Das hätte nicht einmal er vorausgesehen: dass die Menschen ihre Daten freiwillig hergeben würden, mit deren Hilfe Firmen und Geheimdienste sie überwachen. In George Orwells grauer Welt von «1984» war es noch der Staat gewesen, der seine Bürger kontrolliert und abhört. Selbst der Fernseher in seinem Roman ist ein Apparat, der nicht nur abspielt, sondern auch aufzeichnet.

«1984», als Radikalkritik auf den Stalinismus formuliert, 1944 begonnen und 1949 veröffentlicht, kurz vor Orwells Tod, verstört durch seine Hoffnungslosigkeit, fasziniert aber durch die Präzision seiner Kritik.
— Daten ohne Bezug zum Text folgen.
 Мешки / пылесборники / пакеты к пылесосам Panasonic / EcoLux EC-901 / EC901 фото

Die Abrichtungssprache des Totalitarismus, die Vernichtung des Menschen durch Demütigung und Folter, die Inszenierung von Feindbildern, mit deren Hilfe ein Regime seine eigene Brutalität legitimiert – all das findet sich in dieser Dystopie mitleidlos geschildert.
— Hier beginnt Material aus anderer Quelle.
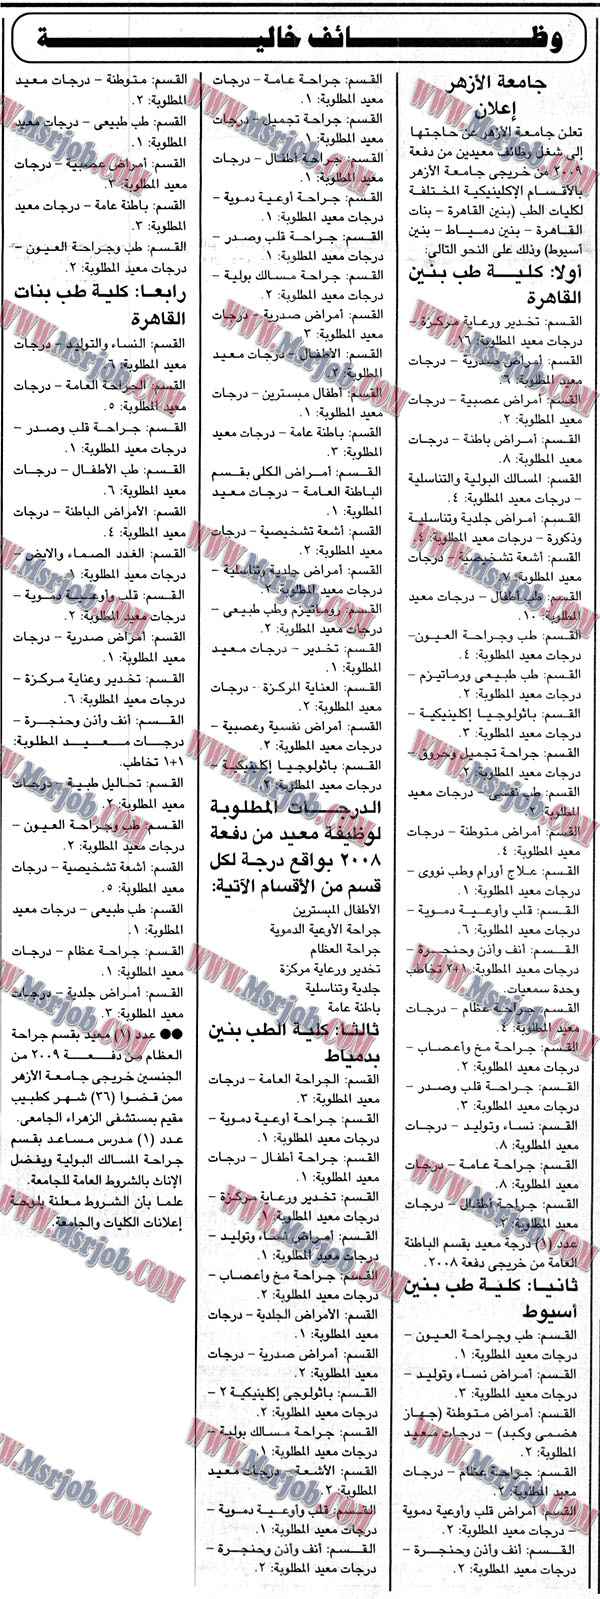 اعلان وظائف جامعة الازهر منشور بالجمهورية اليوم 3 / 1 / 2018

Als George Orwell den Roman fertigstellte, war er von der Tuberkulose geschwächt, über den Zweiten Weltkrieg und den Abwurf der Atombomben entsetzt und über die Entwicklung des Kommunismus verbittert. Wie wenig er von der menschlichen Natur hielt, hatte er schon in «Animal Farm» geschildert, seiner Parabel über den Machtmissbrauch.
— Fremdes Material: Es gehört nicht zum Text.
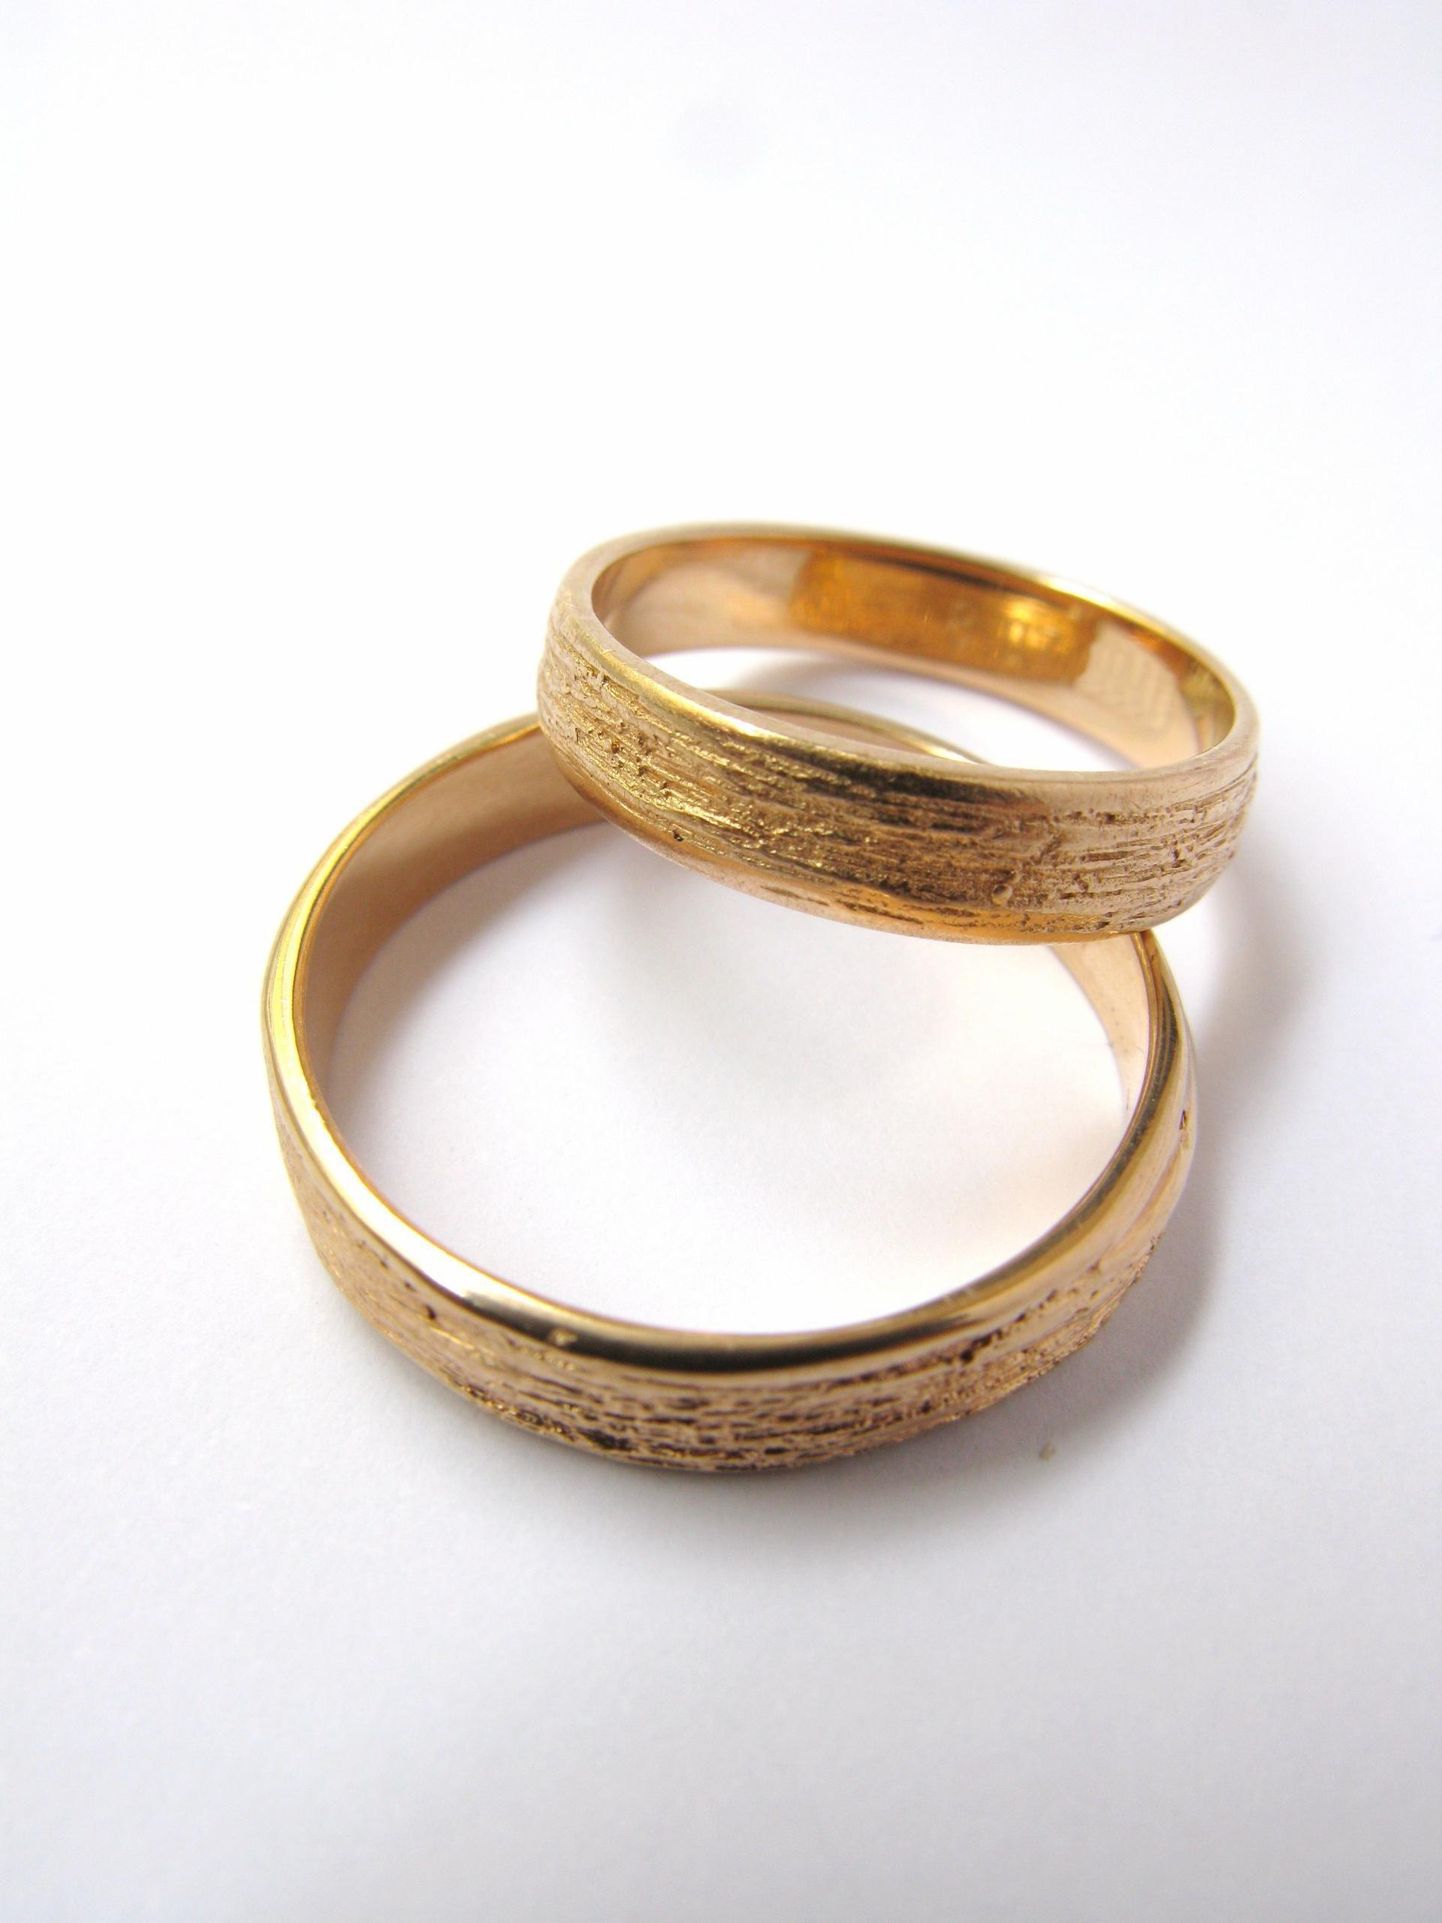 Kullast abielusõrmus on abielu sümbol. Foto on illustreeriv.

PS: Die Firma Samsung weist Käufer ihrer Fernseher darauf hin, dass die Spracherkennung ihrer Geräte jedes gesprochene Wort ins Internet überträgt. Jean-Martin Büttner


Albert Camus
Die Seuche als existenzielle Bedrohung

Als die Ebola-Epidemie im Sommer ihren Höhepunkt erreichte, las Joanne Liu, Präsidentin von Ärzte ohne Grenzen, in Albert Camus’ «Die Pest». Nicht ohne Grund. Der Roman über einen Pestausbruch in der algerischen Stadt Oran liest sich wie eine Vorwegnahme der Schreckensnachrichten zu Ebola: Tote Ratten künden das Unheil an, Ärzte warnen vergeblich, die Behörden reagieren zu spät. Als der Ausbruch der Seuche schliesslich offensichtlich ist, verbarrikadieren sich Angehörige mit ihren Kranken, damit diese nicht abgeholt und separiert werden. Es fehlt an Medikamenten und Pflegepersonal, das selber von der Seuche dahingerafft wird. Was man in den letzten Monaten über Ebola lesen konnte, ist bei Camus mit geradezu erschreckender Detailtreue beschrieben.

Der 1947 veröffentlichte Roman bietet zahlreiche Deutungsmöglichkeiten: Er kann als Heimsuchung einer Gesellschaft durch totalitäre Systeme gelesen werden, der Kampf dagegen als Revolte gegen die Sinnlosigkeit der Welt. «Ich habe mich einfach noch immer nicht daran gewöhnt, sterben zu sehen», sagt Erzähler Dr. Rieux. Die Gewöhnung an die Verzweiflung ist für ihn schlimmer als die Verzweiflung selbst – weshalb er nicht aufgibt, sich gegen das Sterben aufzulehnen. 2014 pflichtete Ebola-Ärztin Liu der Romanfigur bei: «Unser Problem ist, dass wir uns an das Sterben gewöhnen und es entmenschlichen. Wir zählen die Toten, addieren die Zahlen. Und verlieren dabei die Empathie, den Wunsch, etwas zu tun.»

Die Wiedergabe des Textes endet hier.